Удивительно было, как мать обо всем догадалась по одному только взгляду на теленка, хорошего, поенного чистым молоком, но еще недопоенного. Не просто от жалости к хорошей женщине, доставшейся пьянице, началось все в душе матери: пьяницам она даже немного сочувствовала. Началось в этом случае все у матери, конечно, через теленка: теленок был недопоен и на пути в Елец потеряет весь свой нагул. Ей было жалко теленка, но эта жалость текла к людям: устроить теленка бы, и люди сами устроятся. Так оно и выходило.

Разговор со Стефаном был недолгий: мать понимала цель Стефана и дала ему рубль; больше как на рубль ему и не выпить. А теленка мы усадили в тележку и поехали к Христине в Красную Пальну. Тут всем была радость, и первая, конечно, Христине, потом и Стефану, и сам рубль, отданный каменщику, радовался: он пойдет в задаток за новую ограду.

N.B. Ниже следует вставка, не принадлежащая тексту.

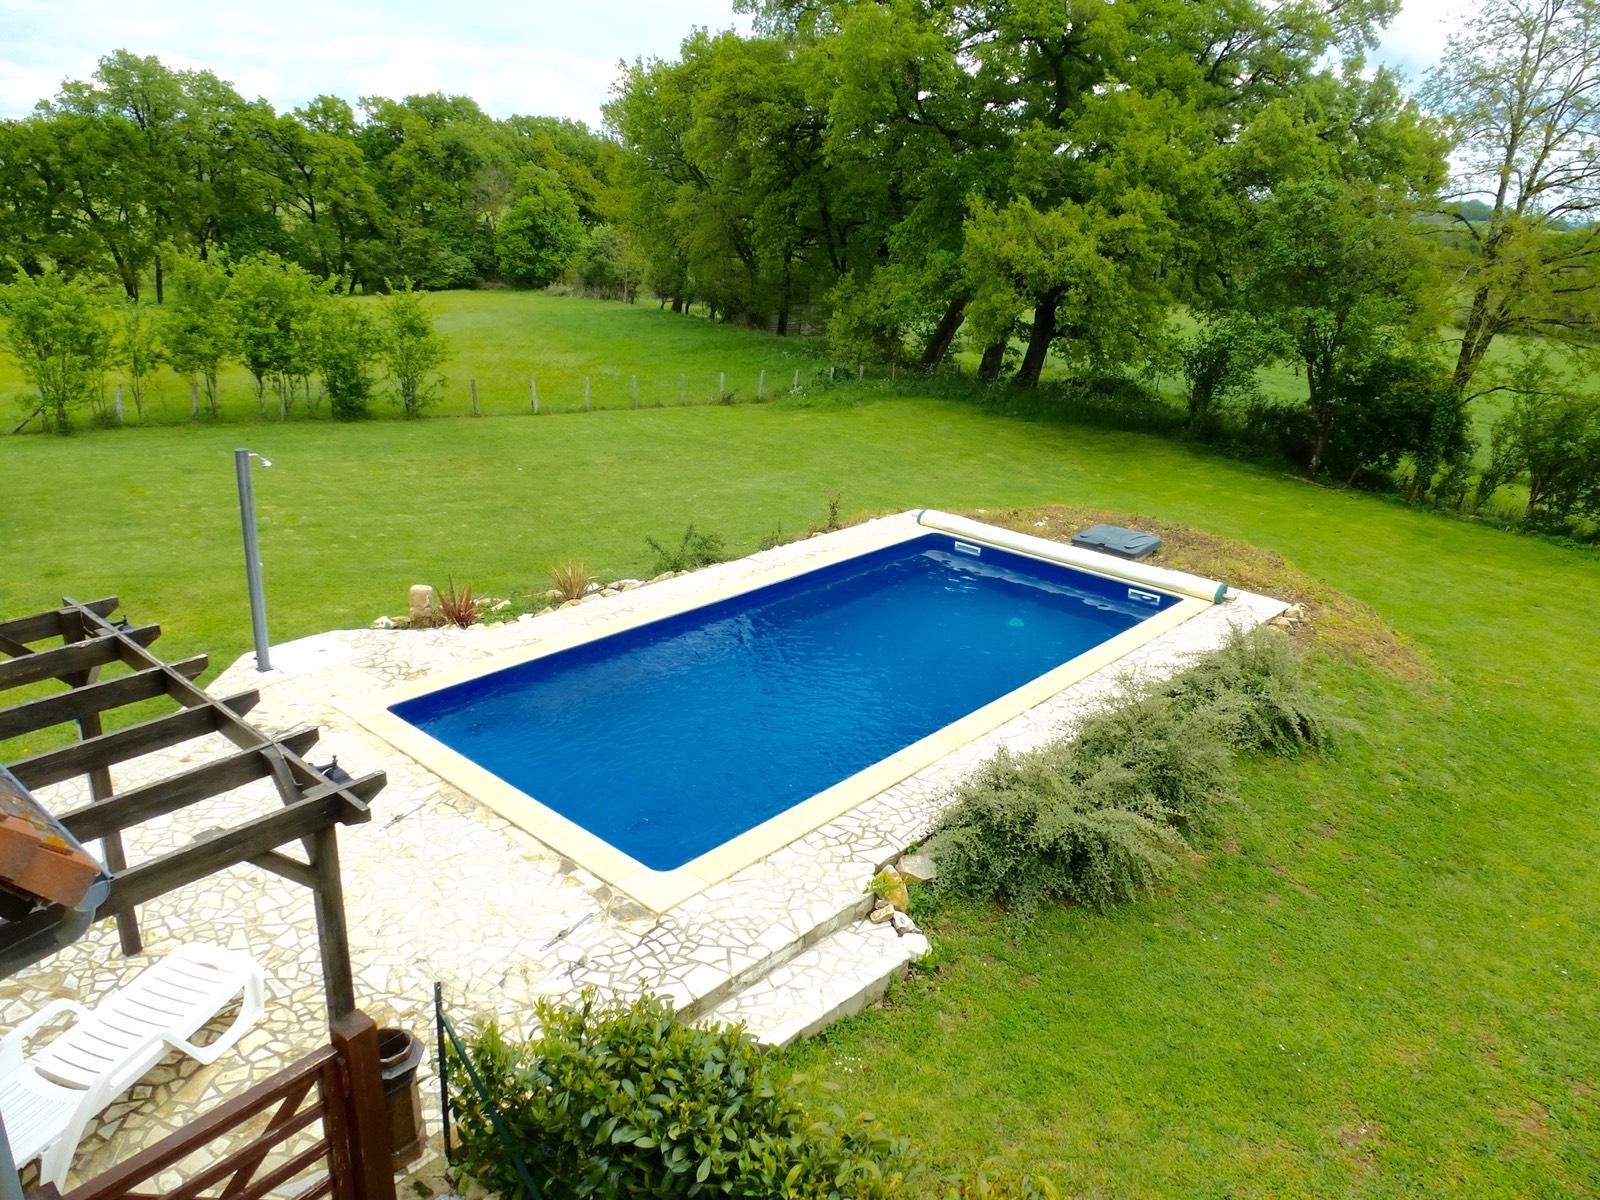 Immobilier figeac art et maisons 1042 superbe for Camping figeac avec piscine

Так с самого раннего детства дивился я глазам своей матери: мне кажется, не было на большаке ни одного человека, ни одной судьбы даже какого-нибудь животного, чтобы в нее не проникал глаз моей матери.

Только много-много лет спустя я успел все-таки порадовать мать свою первой книгой моей о русской природе, и, может быть, она про себя тихонько даже и поняла, что я в своей книге на природу ее глазами глядел.

Погодите, вот вдруг вспомнилось, к чему я начал рассказывать о своих предках-купцах. Перед этим я рассказывал, как это было тяжело гимназисту спарывать пуговицы с форменной шинели, а самому думать о небывалой, неоткрытой стране, куда меня повлекло.

Мне вдруг пришло сейчас в голову: а что, если и это первое путешествие мое в небывалое и потом все эти годы странствий на русской почве и дальше, далеко за ее пределы, все это небывалое: на белых водах и в золотых горах началось и осталось в душе от предков-купцов, собиравших русскую землю? Что, если это еще идет у меня в душе от Садко, богатого гостя?

Что, если и все мое небывалое, как я привык думать, начало моего собственного и всякого творчества, есть не что иное, как замысел нового путешествия какого-нибудь Ермака или нашего Гуська на «новые места»?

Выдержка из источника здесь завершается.